Work order:
Retype each line below precisely and omit all images.

Data block:
========
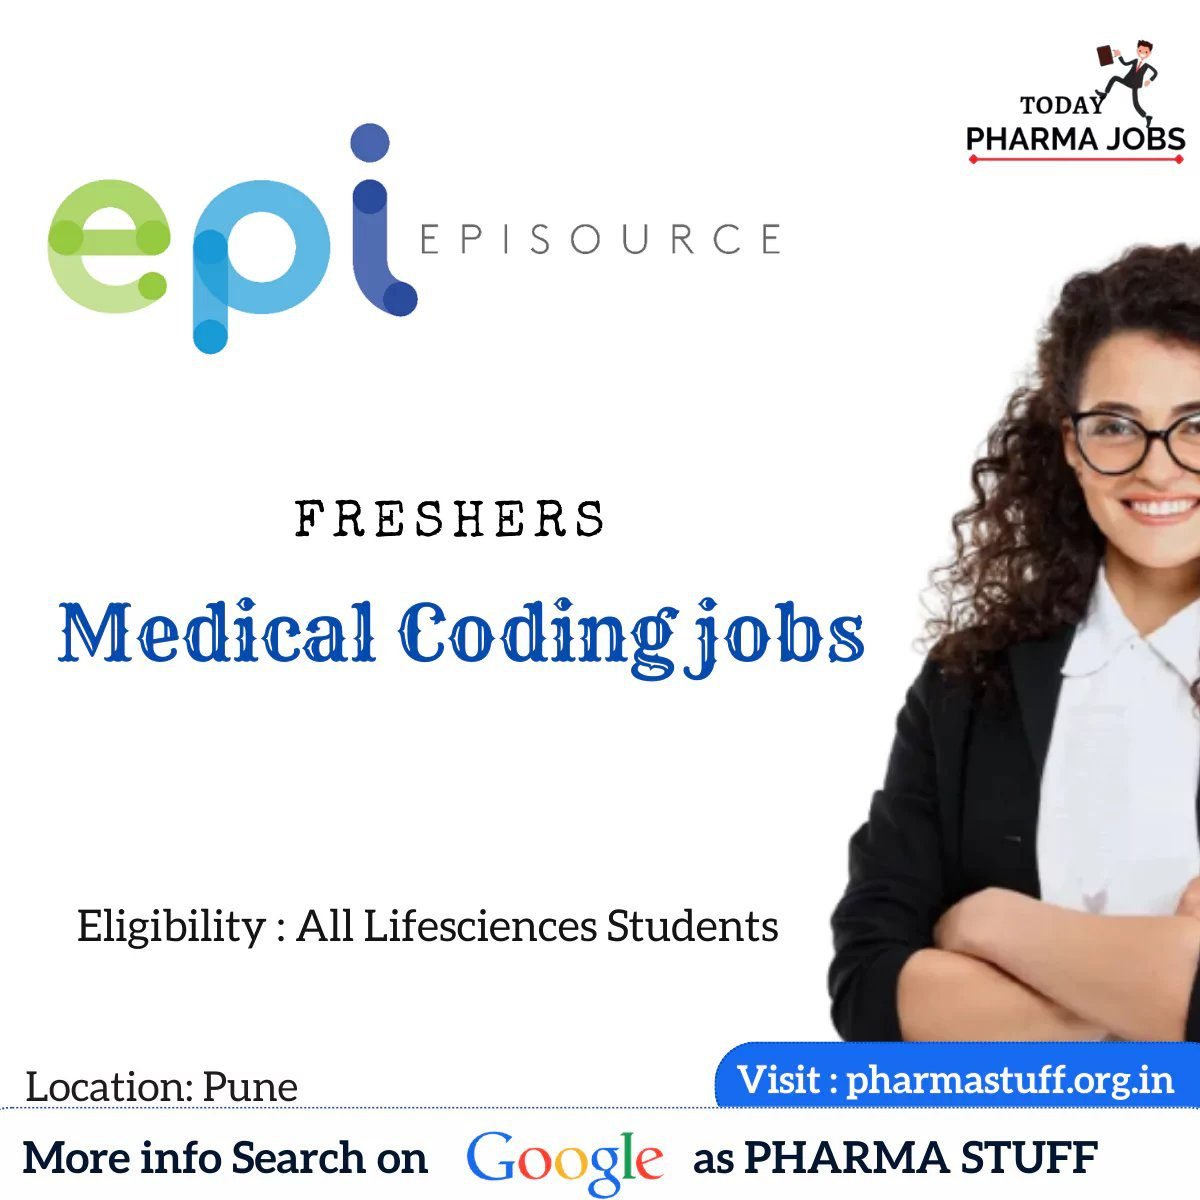 episource medical coding jobs for freshers trainee coder4710052439810674266.
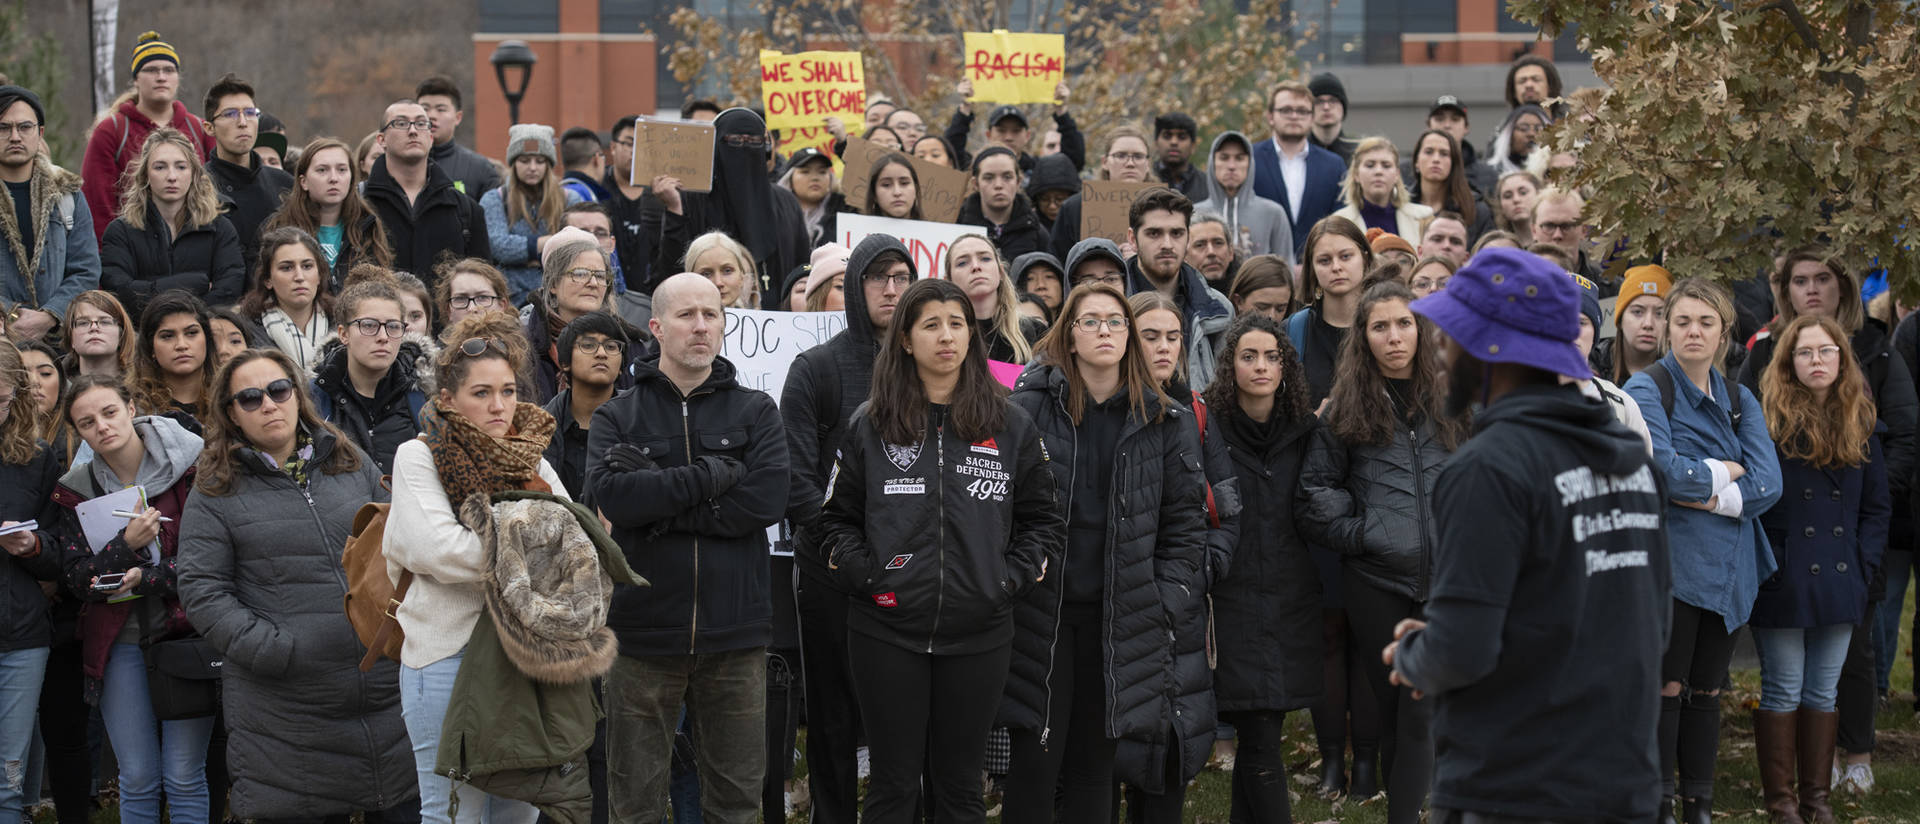 UW-Eau Claire students during walkout and protest, Nov. 25, 2019
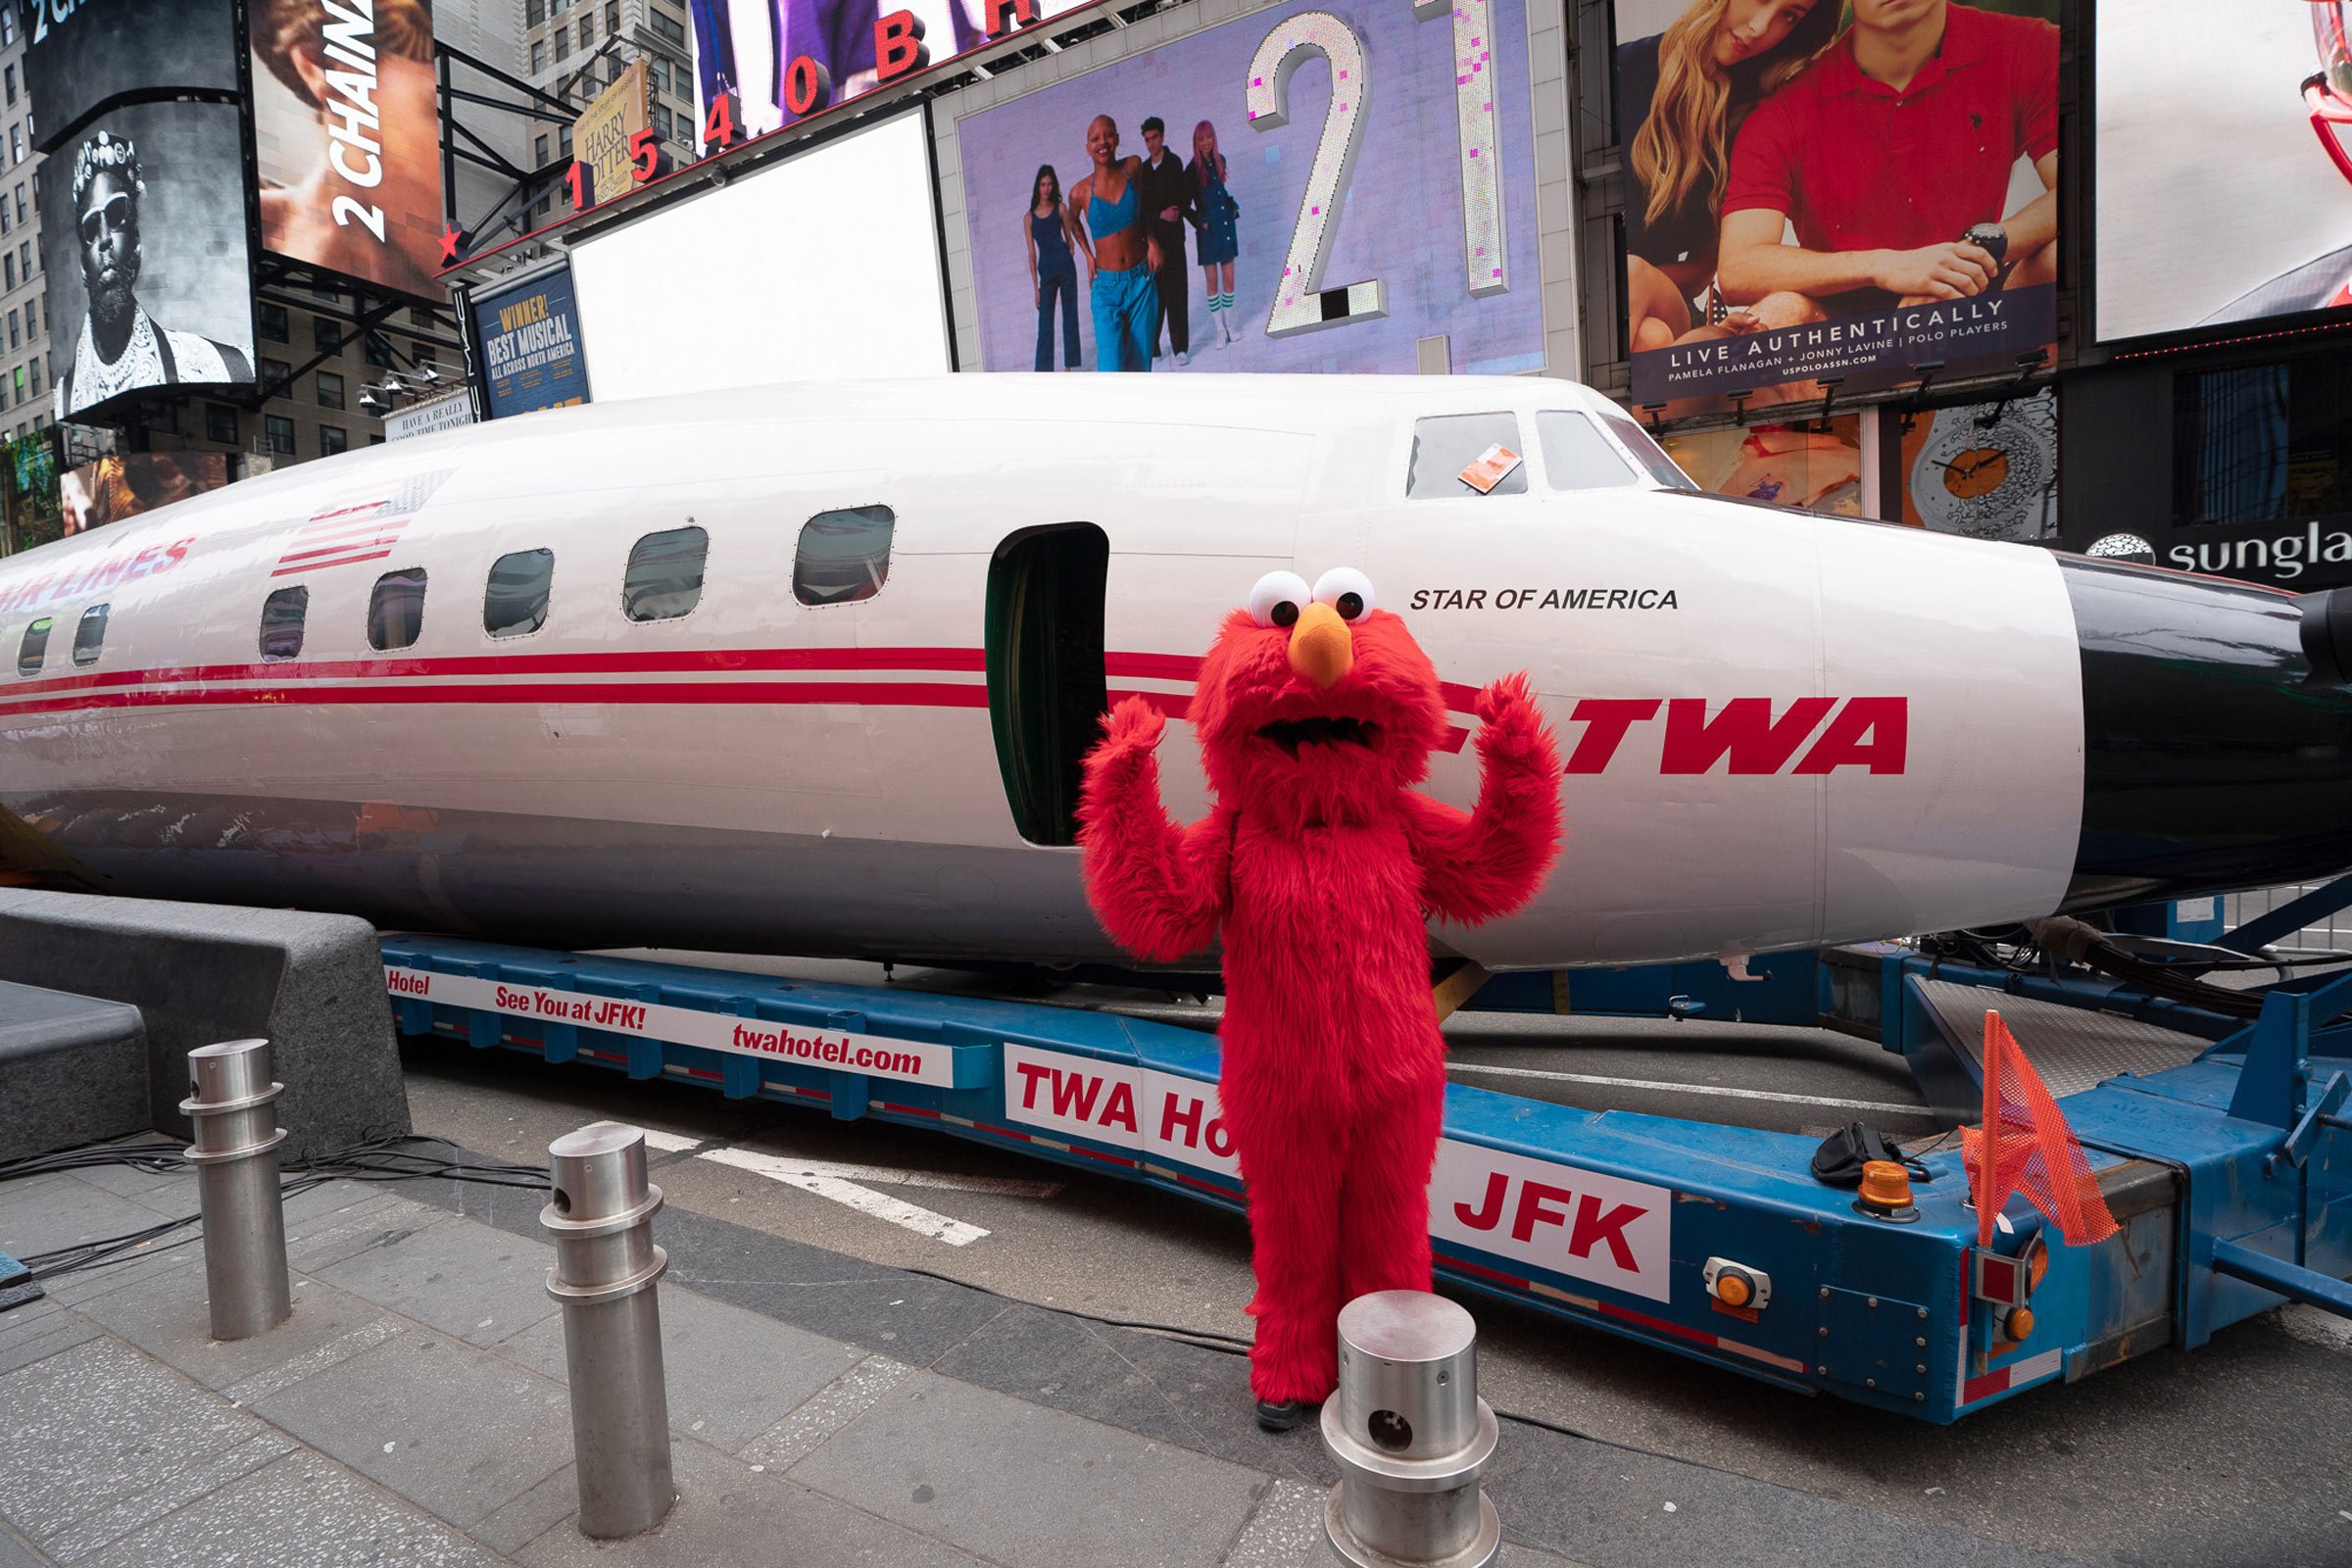 Does this plane stop on Sesame Street? Elmo visits Connie on March 23, 2019.
========
Exercise answer:
 episource medical coding jobs for freshers trainee coder4710052439810674266.
 UW-Eau Claire students during walkout and protest, Nov. 25, 2019
 Does this plane stop on Sesame Street? Elmo visits Connie on March 23, 2019.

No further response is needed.